Eduardo Elísio Machado Souto de Moura (; born 25 July 1952), better known as Eduardo Souto de Moura, is a Portuguese architect who was the recipient of the Pritzker Architecture Prize in 2011 and the Wolf Prize in Arts in 2013. Along with Fernando Távora and Álvaro Siza, he is one of the alumni of the Porto School of Architecture, where he was appointed a Professor.

Life and career

Family
Souto de Moura is the son of medical doctor José Alberto Souto de Moura and wife Maria Teresa Ramos Machado.  His brother is José Souto de Moura, former 9th Attorney-General of Portugal.

Education
Souto de Moura was born in Porto, and studied sculpture before switching to architecture at the School of Fine Arts of the University of Porto, the current FAUP – Faculdade de Arquitectura da Universidade do Porto, and receiving his degree in 1980. From 1974 to 1979 he worked with Álvaro Siza Vieira at his architectural practice, who encouraged him to start his own firm.

Early career
Souto de Moura began his career as an independent architect in 1980, after winning a design competition for the Casa das Artes, a cultural center with an auditorium and an exhibition gallery in the gardens of a neo-classical mansion, in his native city of Porto. However, Souto de Moura collaborated with Siza on the Portuguese pavilion at the Expo 2000 in Hanover, Germany, and Serpentine Gallery's annual summer pavilion in 2004.
 
Souto de Moura's early commissions were often modest residential houses, mainly in his native country. Later, he was commissioned with shopping centers, schools, art galleries, and a cinema, in countries including Spain, Italy, Germany, the United Kingdom, and Switzerland. Between 1989 and 1997, Souto de Moura spent eight years on the restoration of Santa Maria do Bouro, a half-destroyed 12th-century monastery in Amares, transforming it into a Pousada.
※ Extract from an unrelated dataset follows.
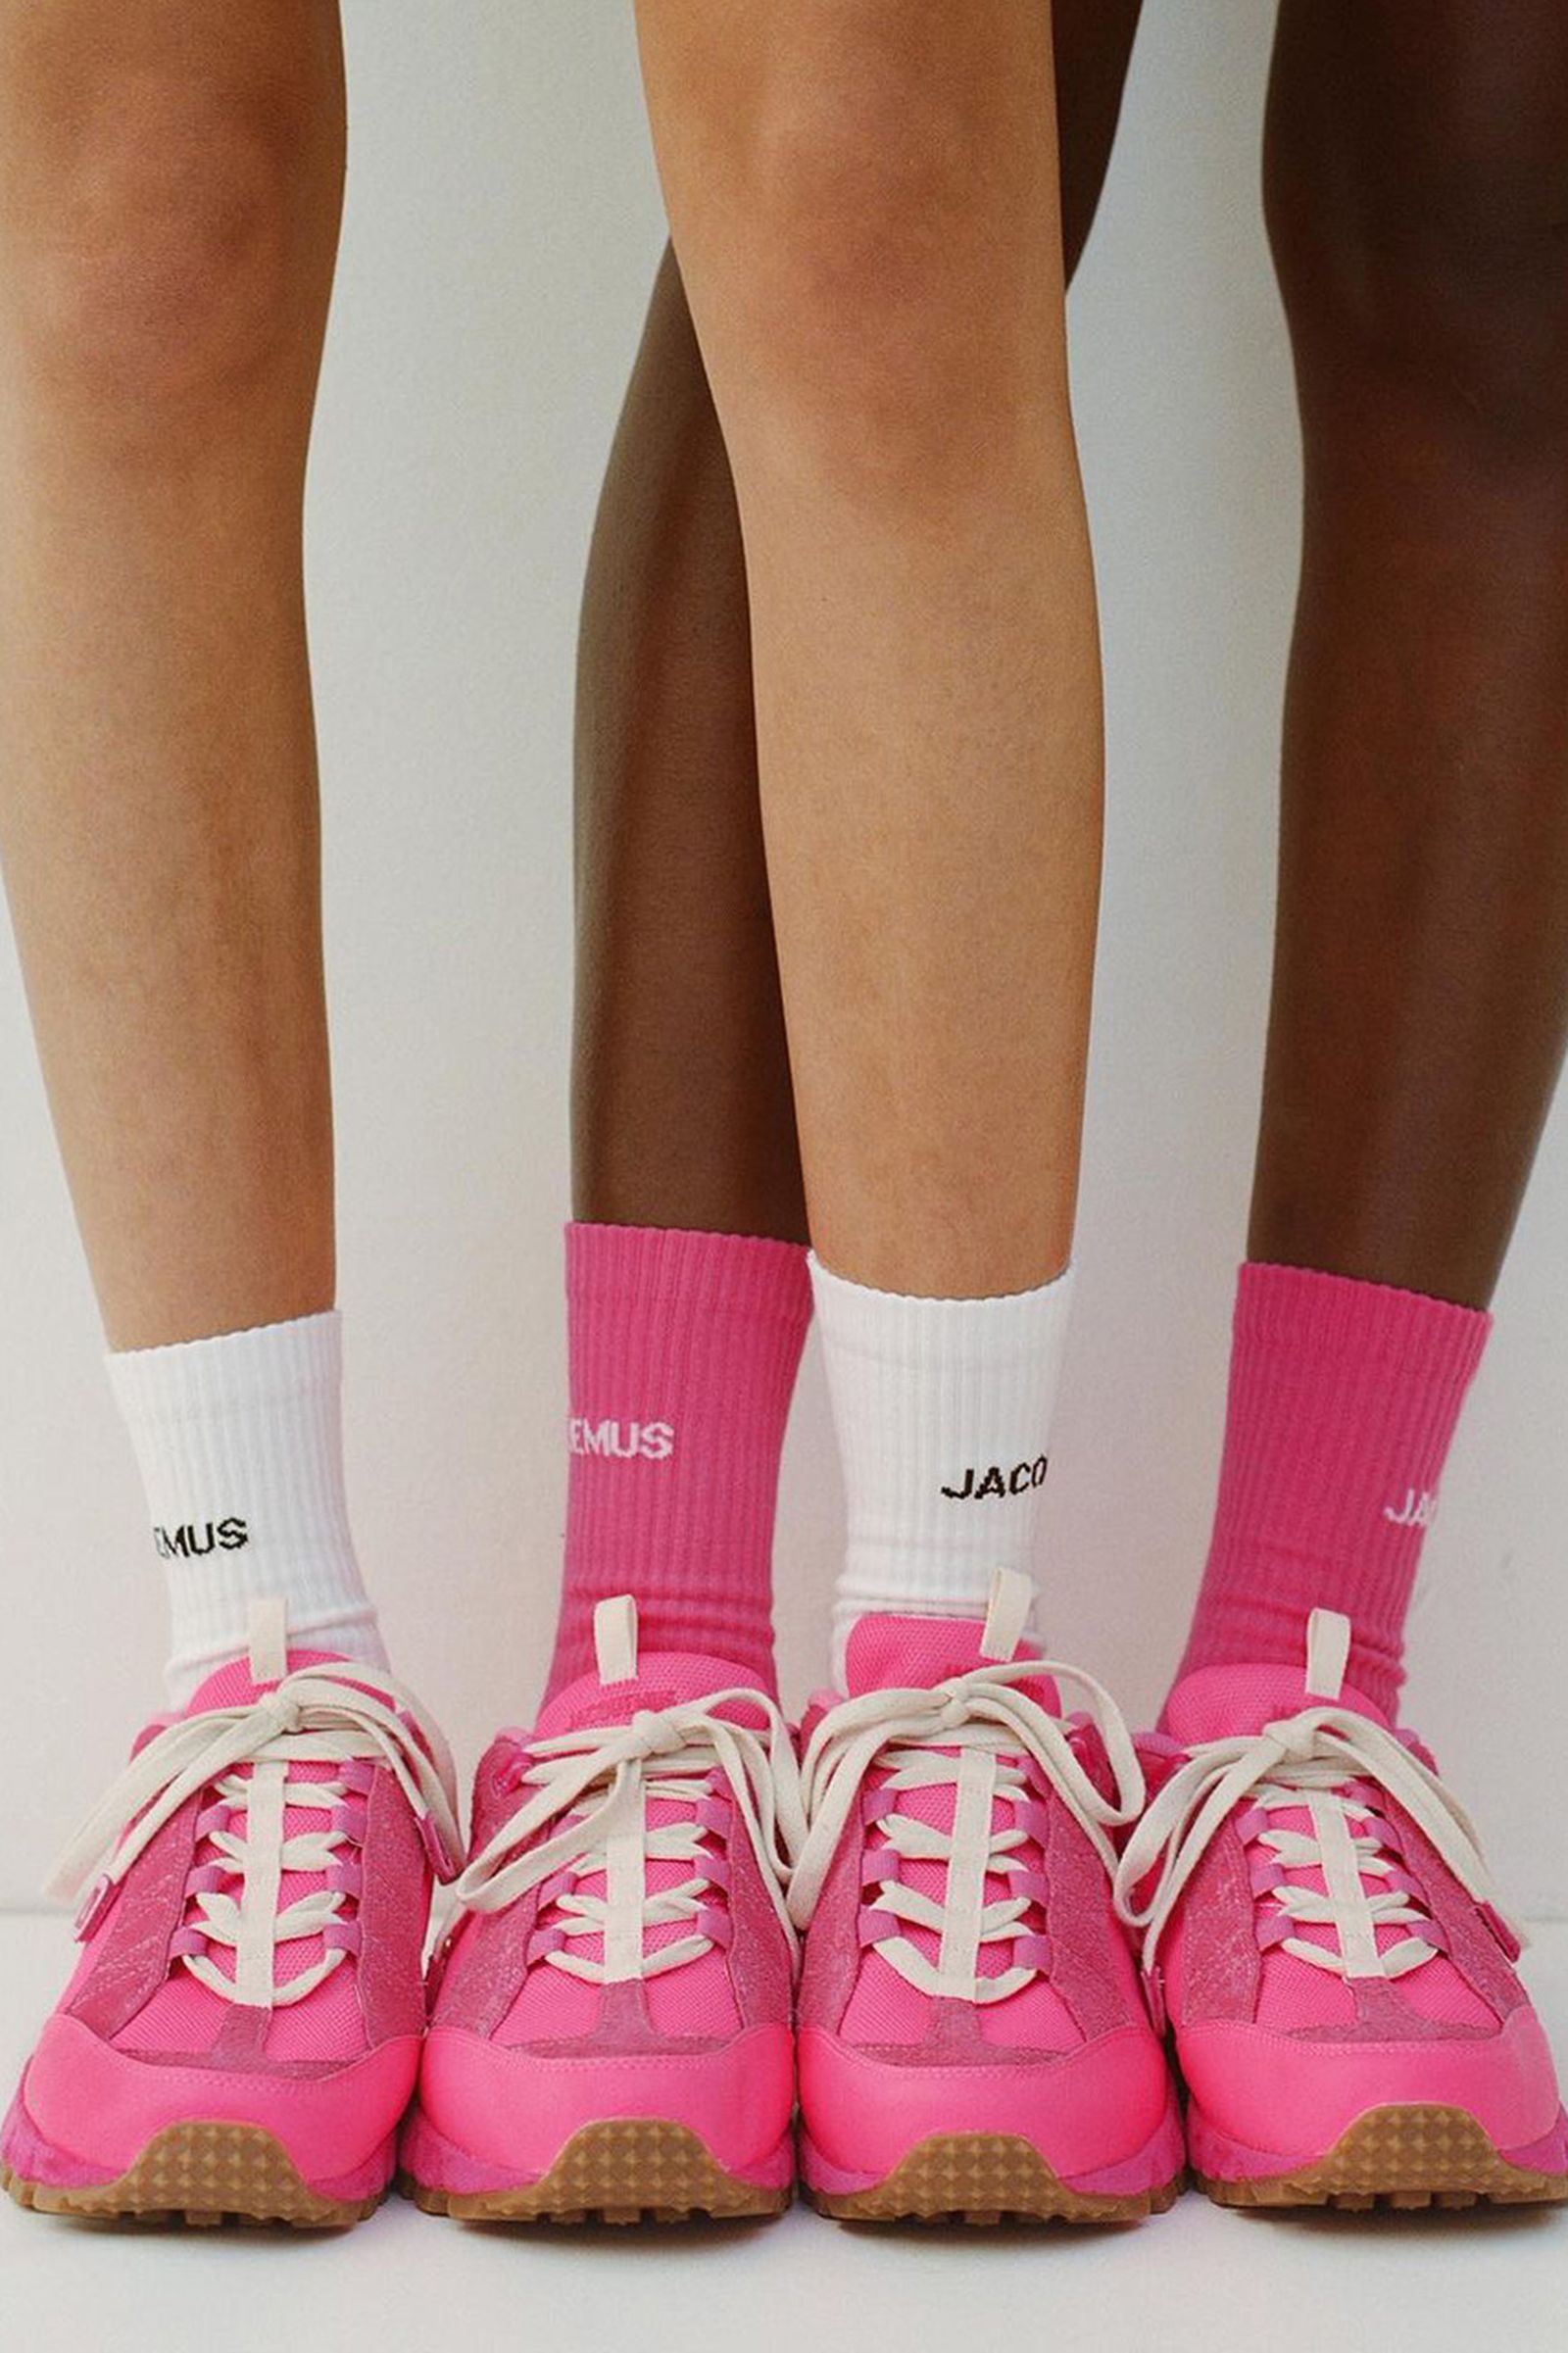 Jacquemus x Nike Air Humara Pink Sneakers: Release Date, Price
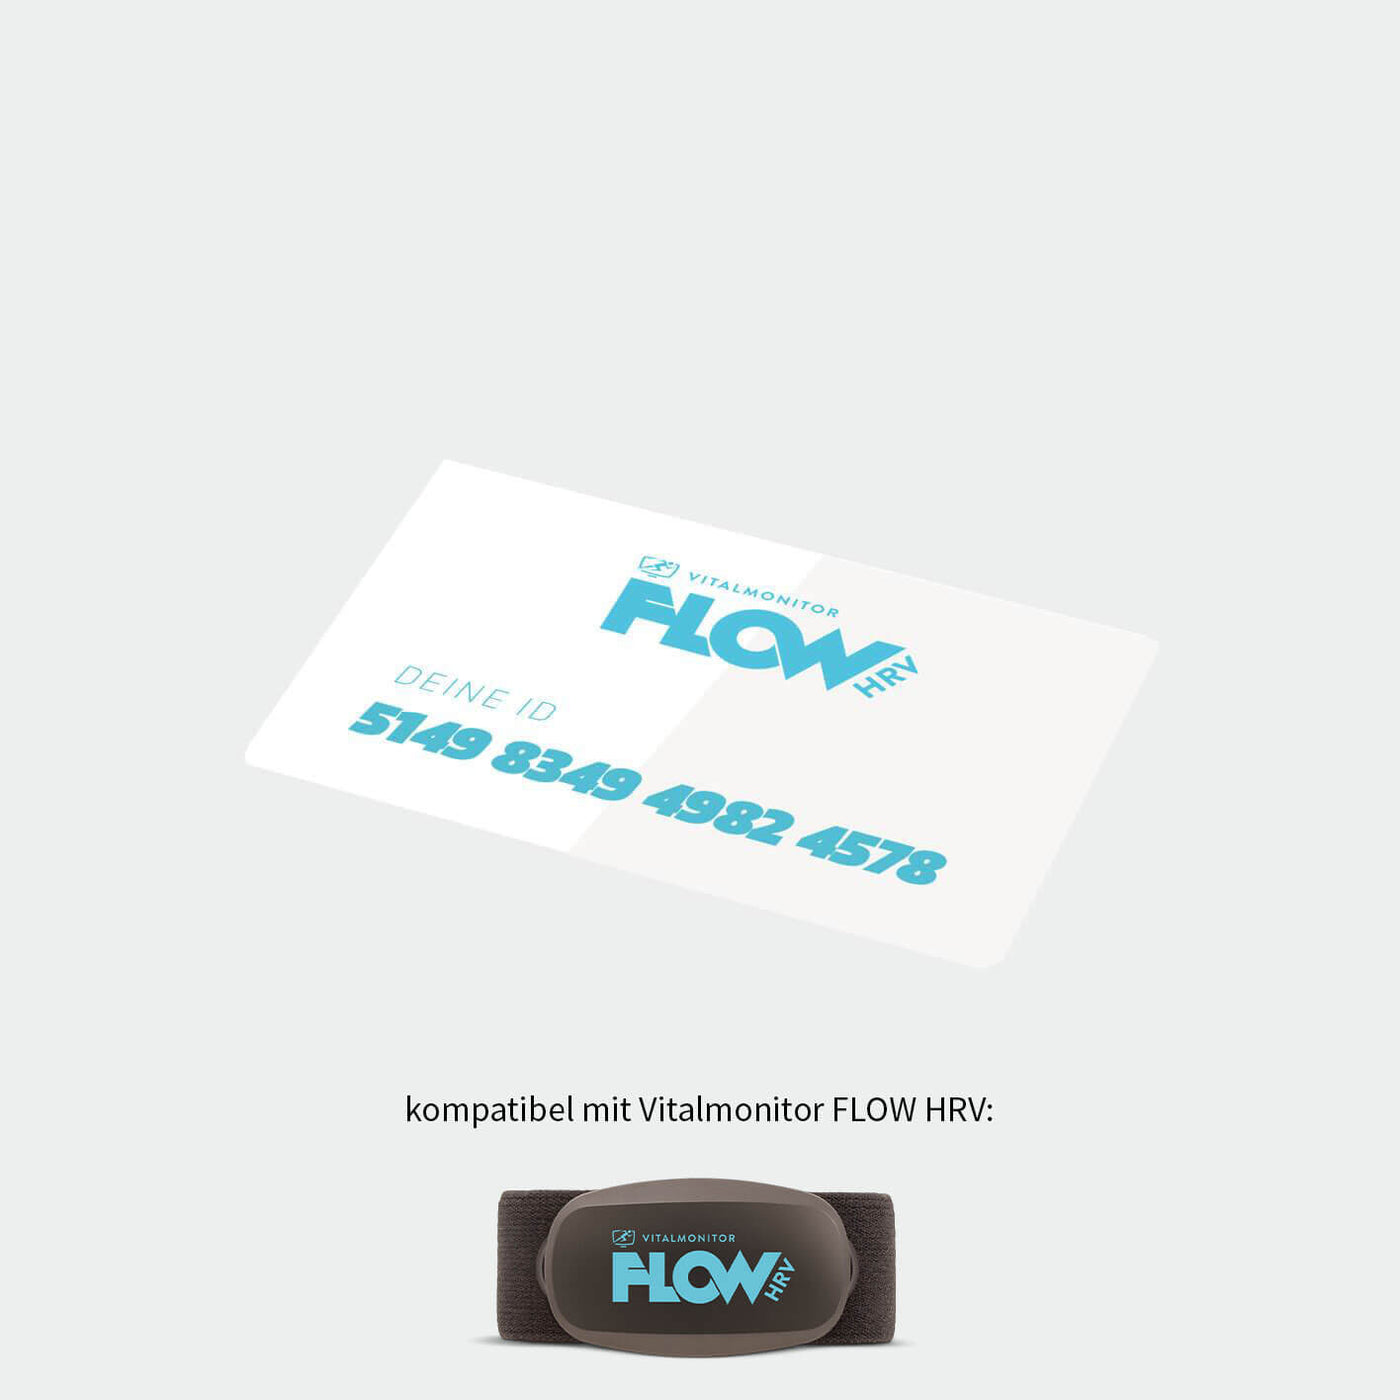 FLOW HRV Partner ID

From 1981 to 1990, Souto de Moura was an assistant professor at his alma mater, and was later appointed Professor at the Faculty of Architecture at the University of Porto. He has been a visiting professor at the architectural schools of Geneva, Paris-Belleville, Harvard University, Dublin, ETH Zurich and EPFL Lausanne, and has participated in numerous seminars and given many lectures both in Portugal and abroad. His work has appeared in various publications and exhibitions.

Recognition

On 28 March 2011, it was announced that Moura is the 2011 Pritzker Prize winner, architecture's highest honor. He is the second Portuguese architect to win the honor, after Álvaro Siza. The prize was supposed to be presented in April in Washington DC but the winner was prematurely leaked by a Spanish news organisation. The prize was awarded for his work including Estádio Municipal de Braga, the Burgo Tower in Porto and the Paula Rego Museum in Cascais. On 3 January 2012, it was announced Moura is the 2013 Wolf Prize in Arts winner along with Robert S. Langer.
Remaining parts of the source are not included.